- **WHAT YOU NEED TO DO**: In the records below, count every line that includes the word "Dimensions". Provide the total alone.

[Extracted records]
═══

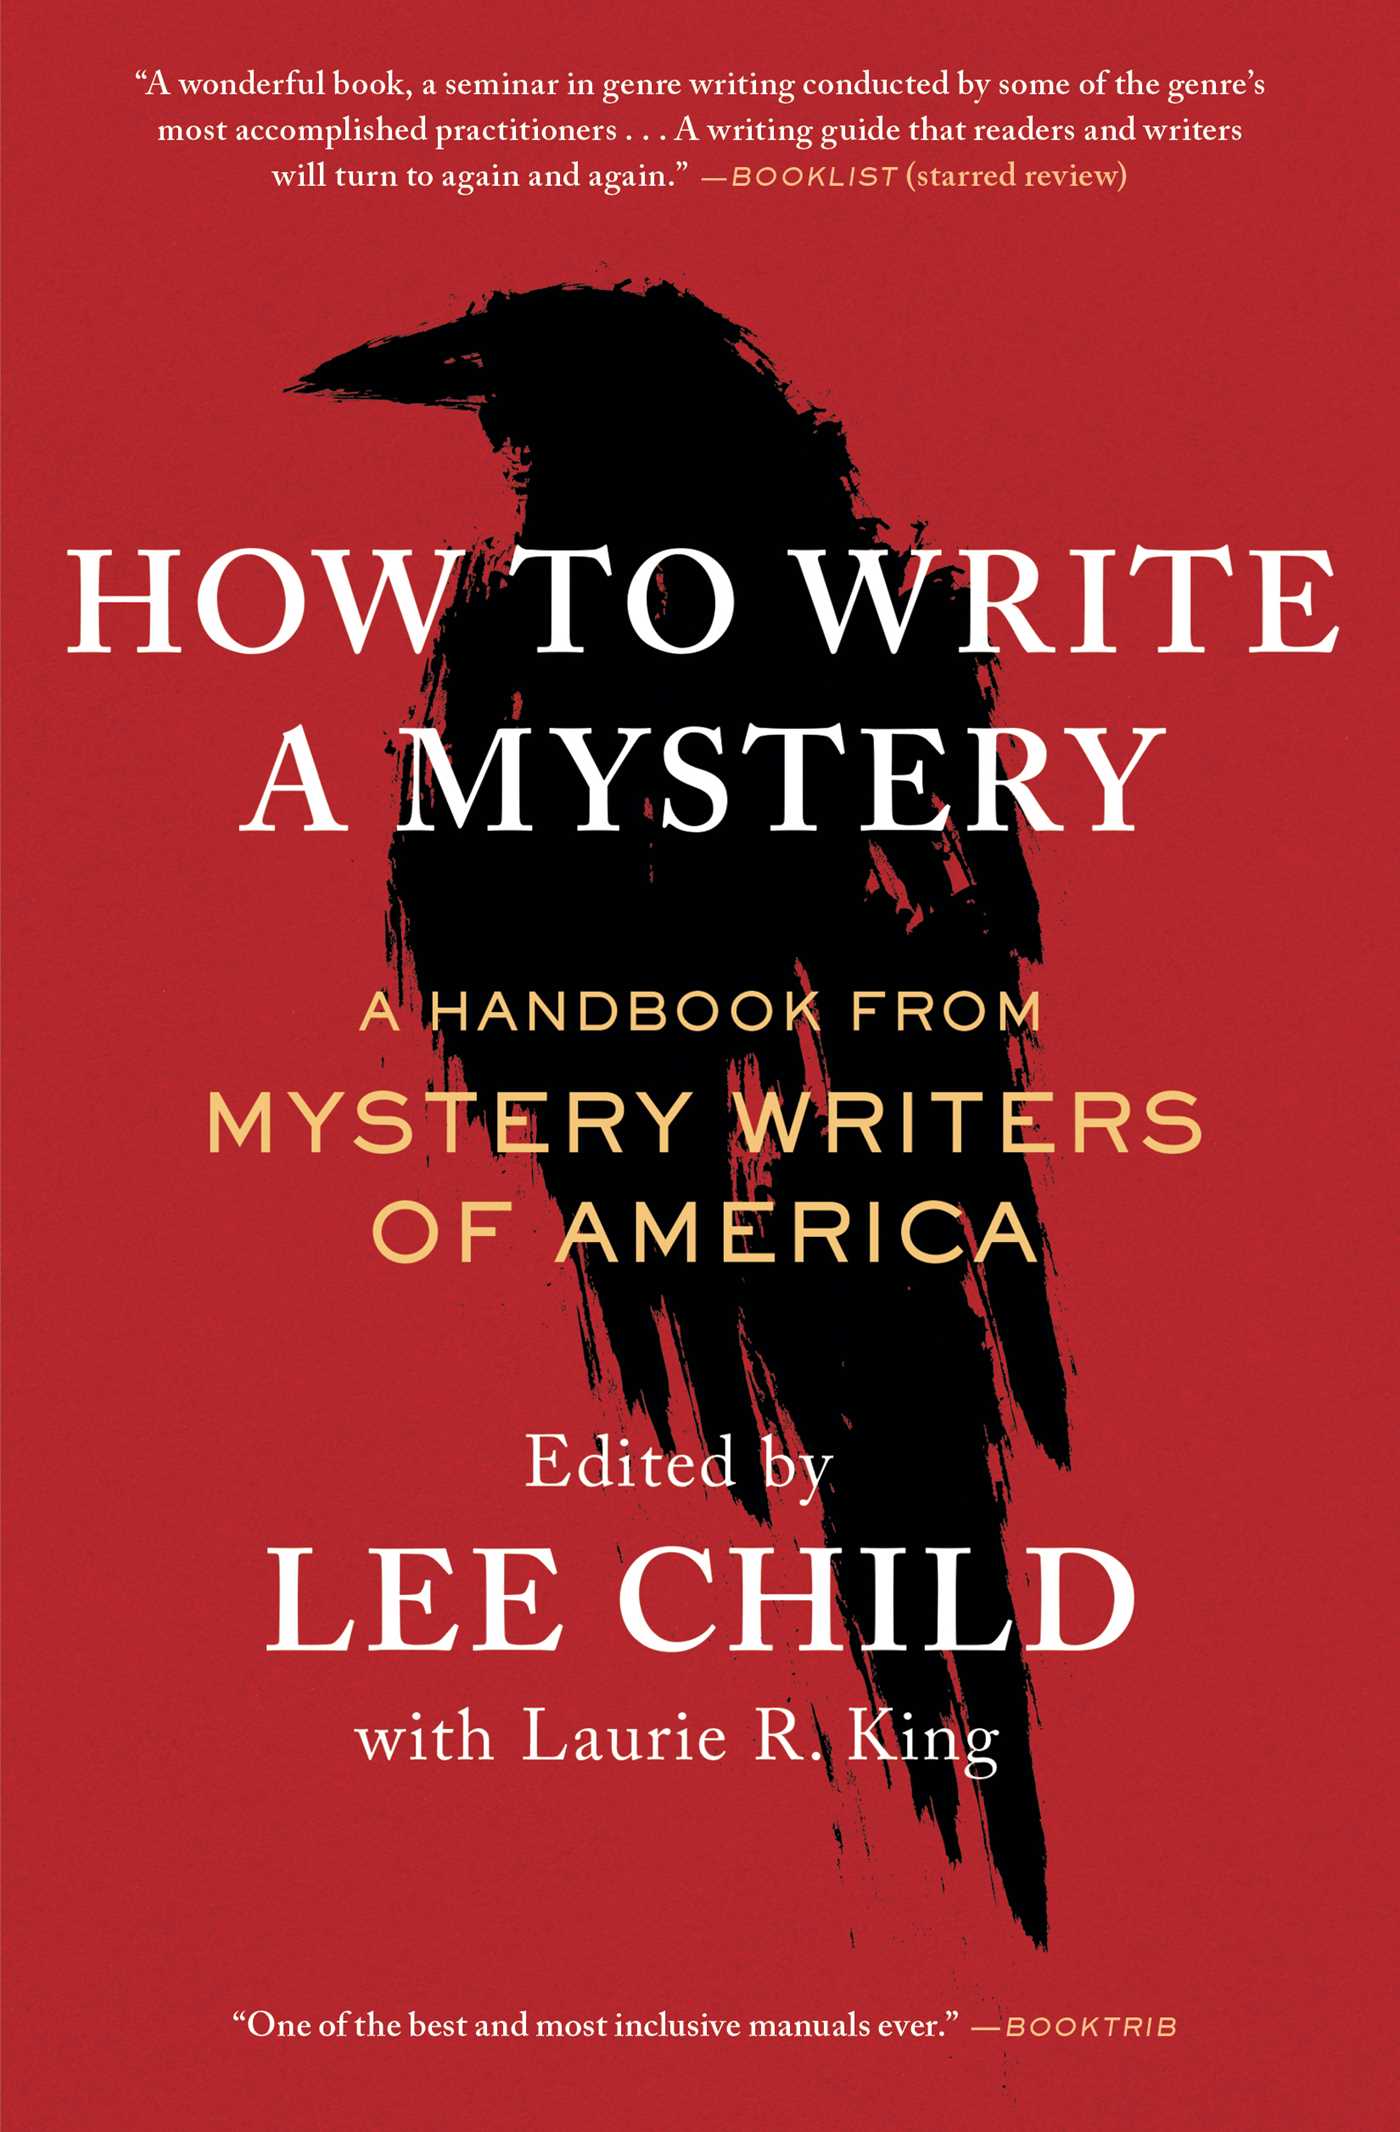 How to write a mystery : a handbook from Mystery Writers of America
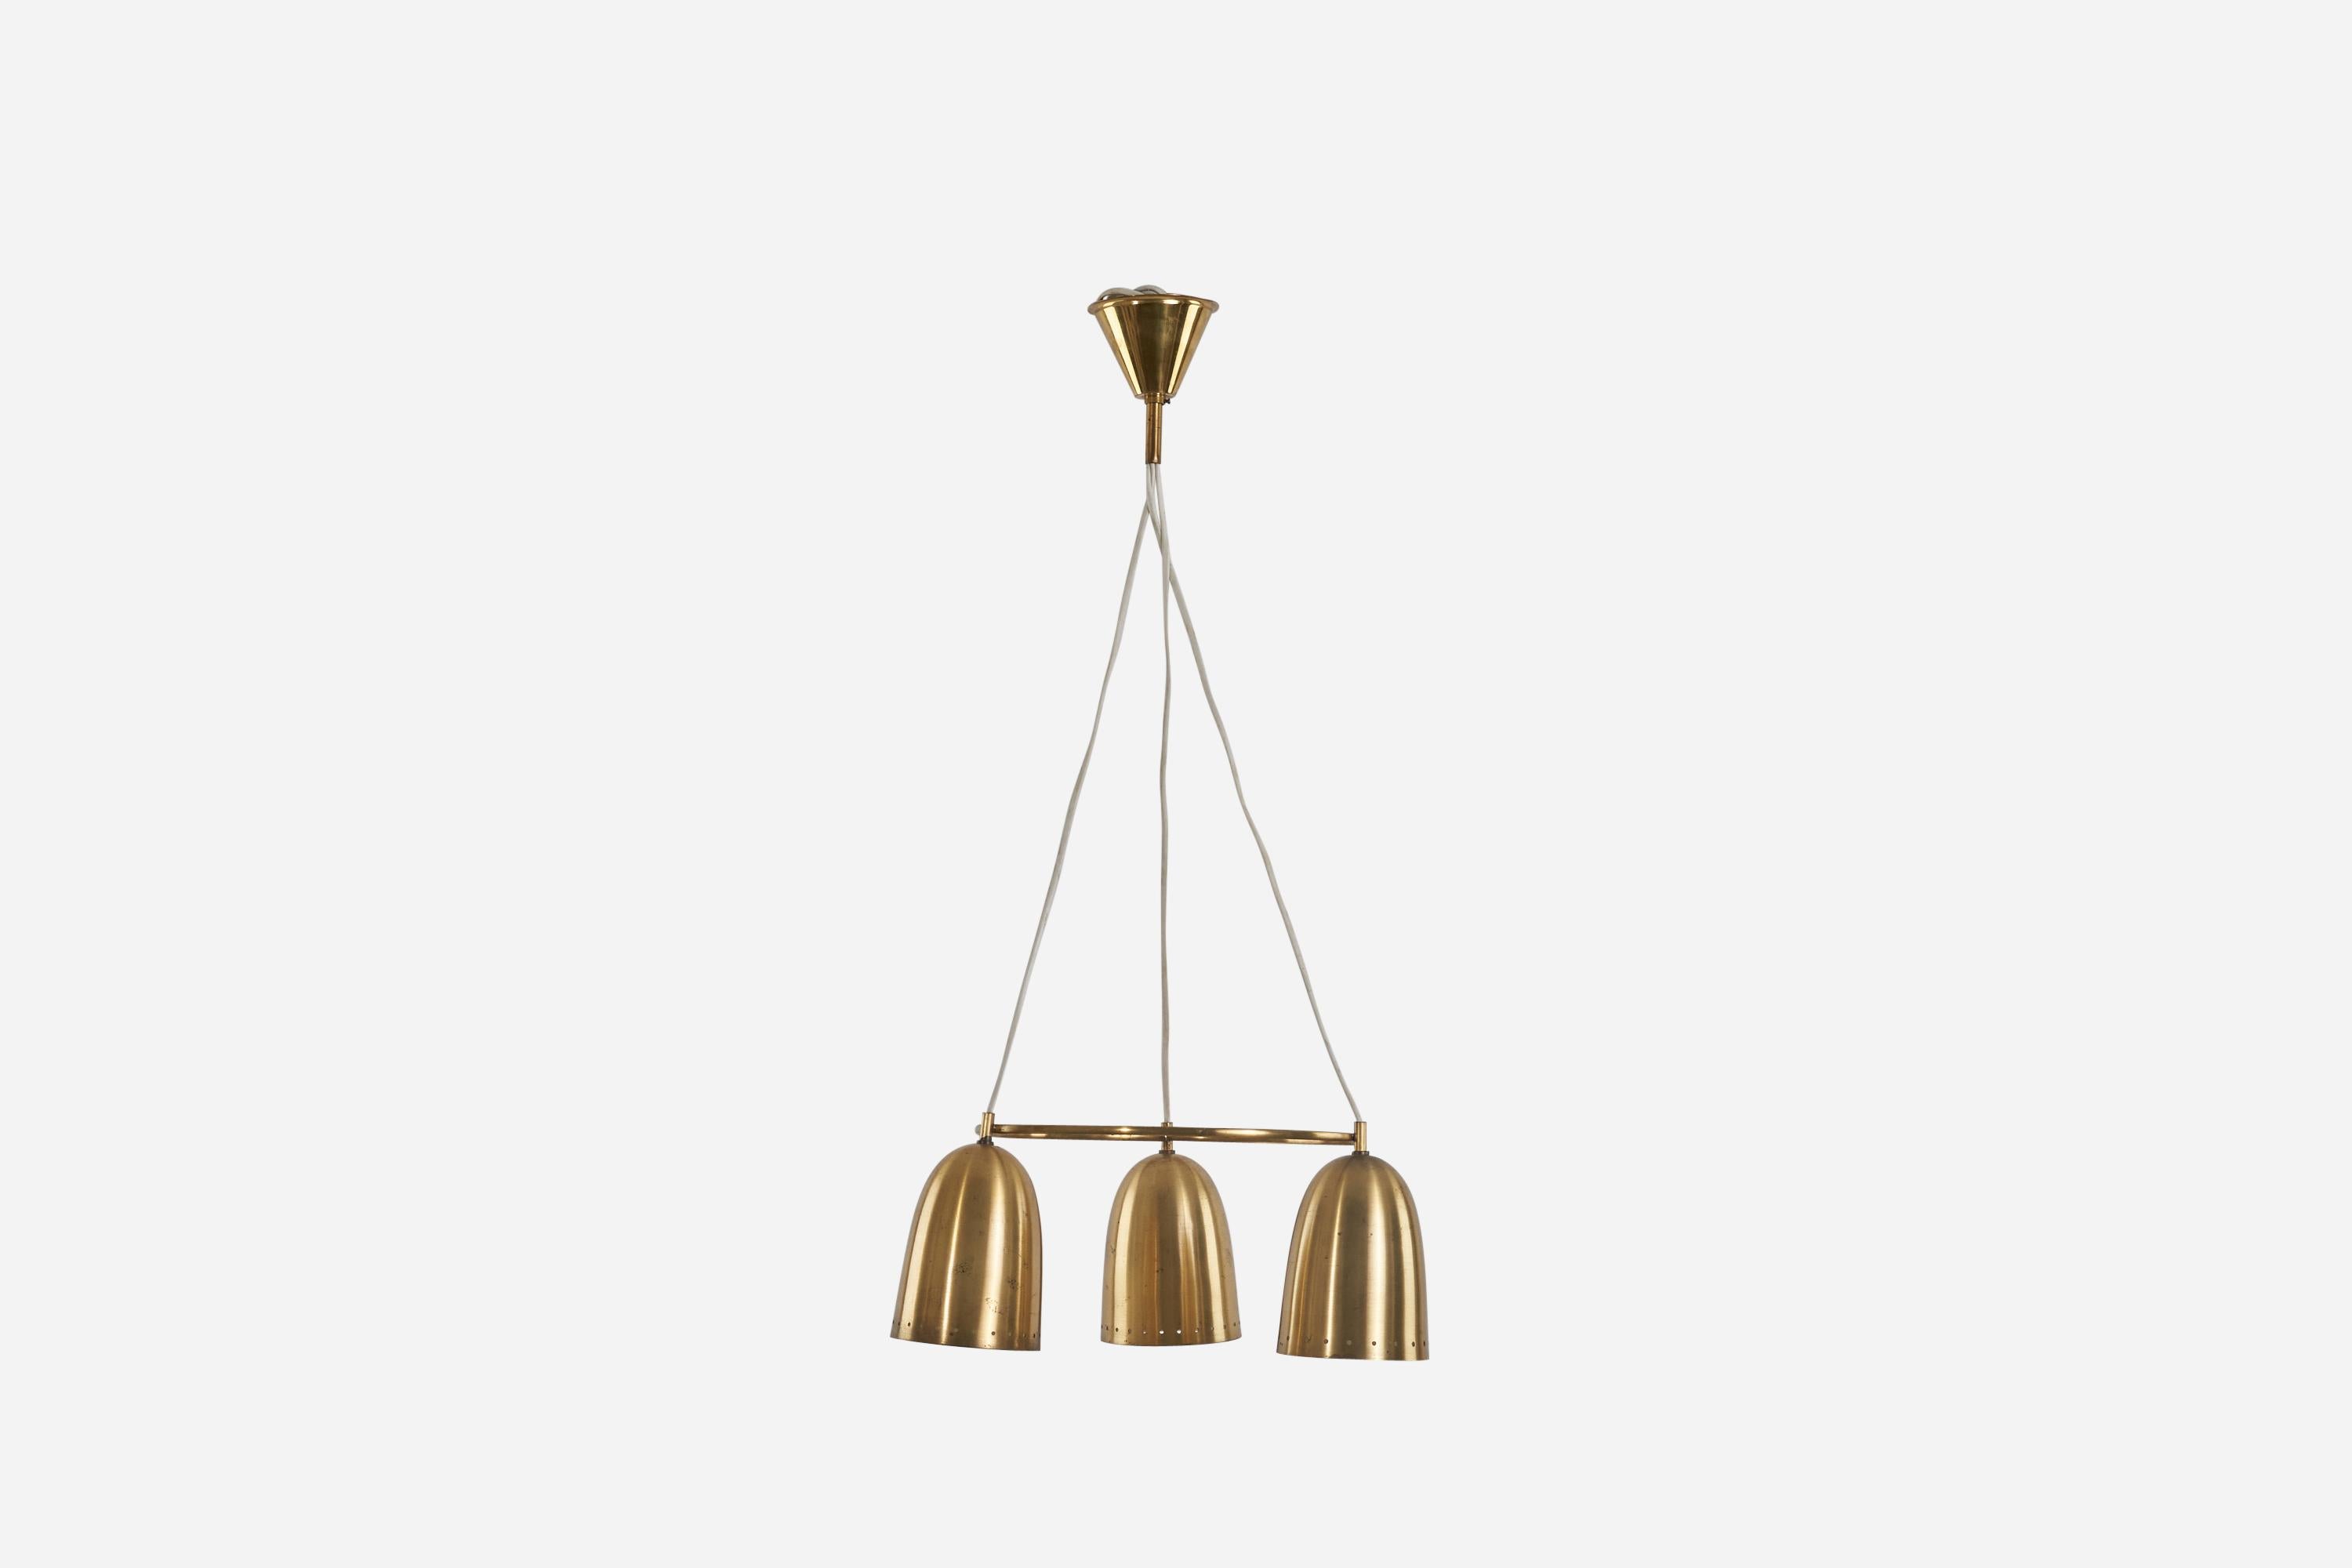 A brass chandelier designed and produced in Denmark, 1940s.

Dimensions variable, measured as illustrated in first image.

Dimensions of Canopy (inches) : 3.10 x 4.22 x 4.22 (height x width x depth)

Socket takes standard E-26 medium base

═══

- **WRITTEN SOLUTION**: 2